Бывал он только в каких-то редакциях, да еще раза три в неделю у общих знакомых — играл в шахматы.

И вдруг пропал.

Собирались узнать, что с ним, да как-то и не собрались.

Недели через четыре пришел сам.

— Где же это вы изволили пропадать?

— Да так, знаете ли, все дела…

— Какие такие дела? Нехорошо друзей бросать. Мы беспокоились.

— Беспокоились?

Он слегка покраснел, помялся и сказал, понизив голос:

— Я не мог. У меня… у меня муха.

— Что?

— Ну… муха. Понимаете? Завелась около окна и летает! Теперь зима, холодно, а она вот… Насчет дров у меня скверно, я спальню запер, а столовую велел топить. Под одеялом ведь довольно тепло.

— Вот чудак! Простудитесь. Вы бы ее тоже в спальню переселили.

— Понимаете — не хочет. Назад летит.

— Ну, допустим, муха — дело серьезное, но почему же вы к нам не приходили?

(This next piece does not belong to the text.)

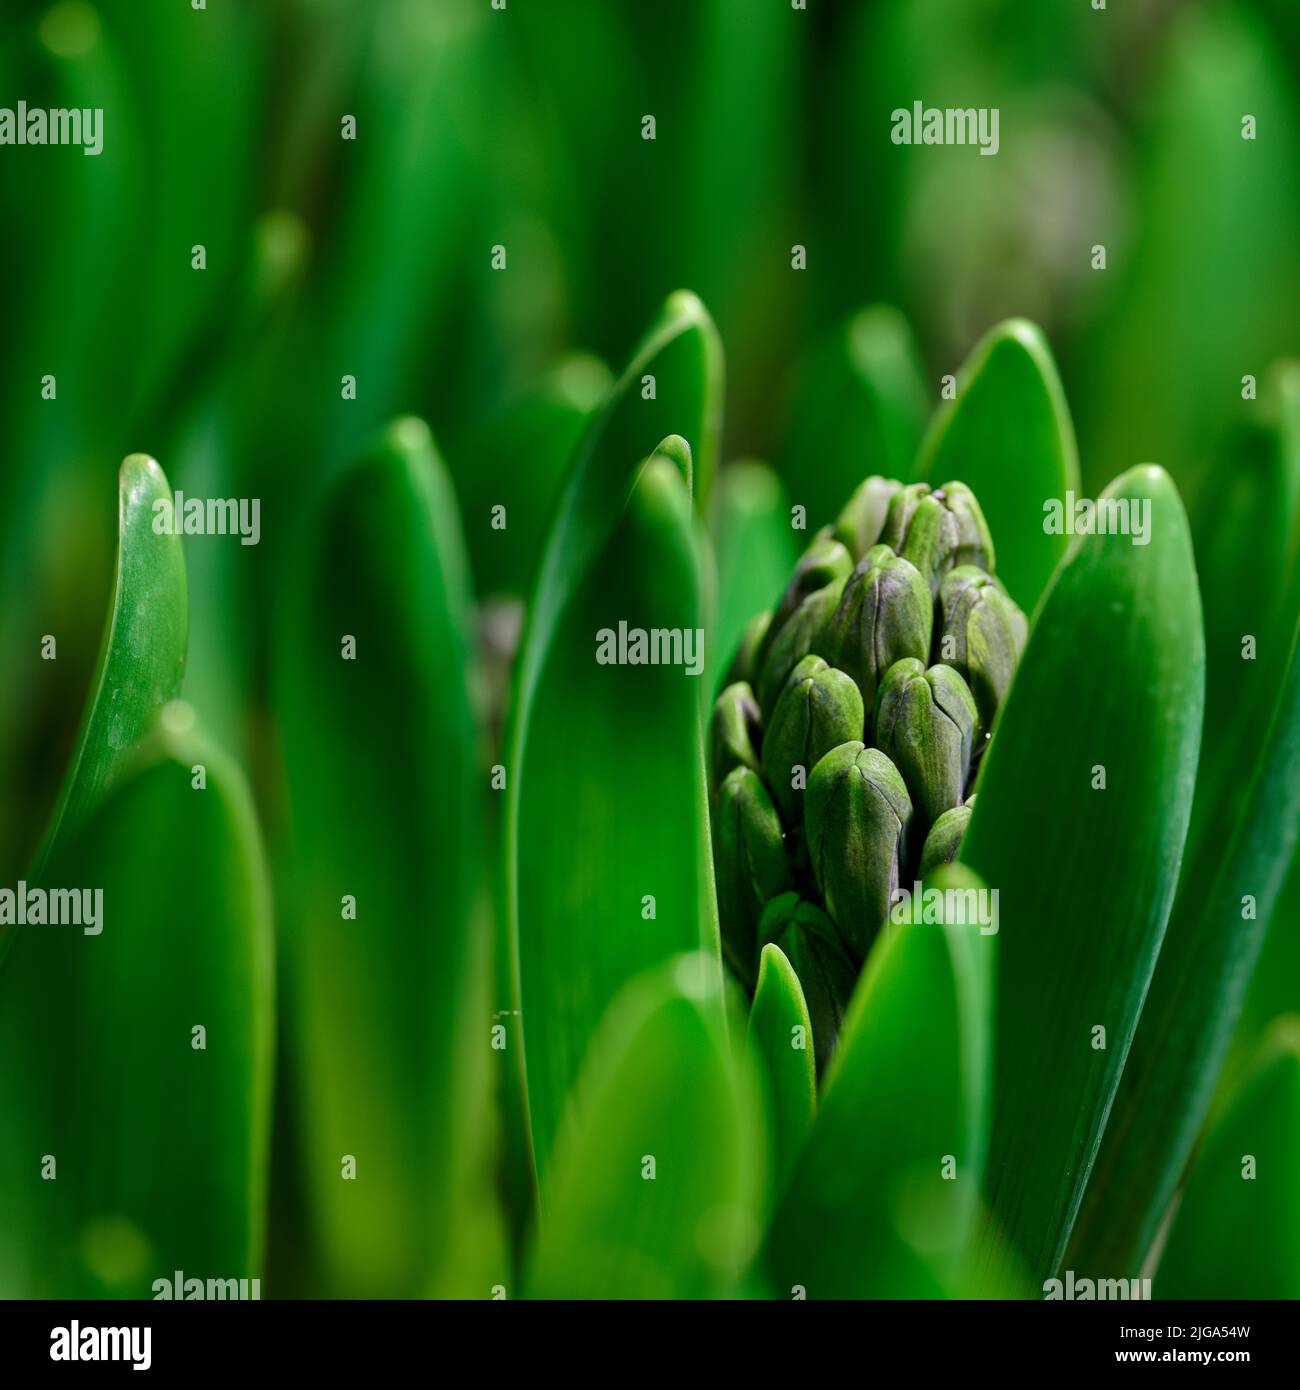 Nahaufnahme von grünen Krokus flavus Blumenzwiebeln, die in einem Garten sprießen. Kleine Sämlinge, die sich öffnen und zu Blättern mit Knospen wachsen, um leuchtende Blütenblätter zu produzieren Stockfoto

— Ах, знаете, как-то так… Вот я вчера вечером насыпал ей на стол сахару, она и ела. Сам я пошел в спальню разыскать книгу, а прислуга — прислуга такая грубая — взяла да и погасила лампу. Муха ест, а она погасила. Вы понимаете…

Он рассеянно сыграл обычную партию в шахматы и, торопливо распрощавшись, ушел.

Несколько дней все веселились по поводу мухи. Хозяйка дома, очень остроумная и живая, чудесно передавала в лицах весь разговор.

— Верочка! Расскажите еще про муху! — просили ее.

И она рассказывала.

Но герой рассказа снова пропал. И на этот раз навсегда. Он умер. Умер от воспаления легких. Из газет мы узнали, что он был приват-доцент и знаток каких-то литератур.

Его жалели.

— Бедный! Такой одинокий.

Но я думала:

— Нет. Последние дни свои он не был одинок.

И хорошо. Вдвоем ему было легче.

Амалия

Госпожа Амалия Штрумф обладает сорокапятилетним возрастом, пятипудовым весом и небольшим поместьем в окрестностях Берлина.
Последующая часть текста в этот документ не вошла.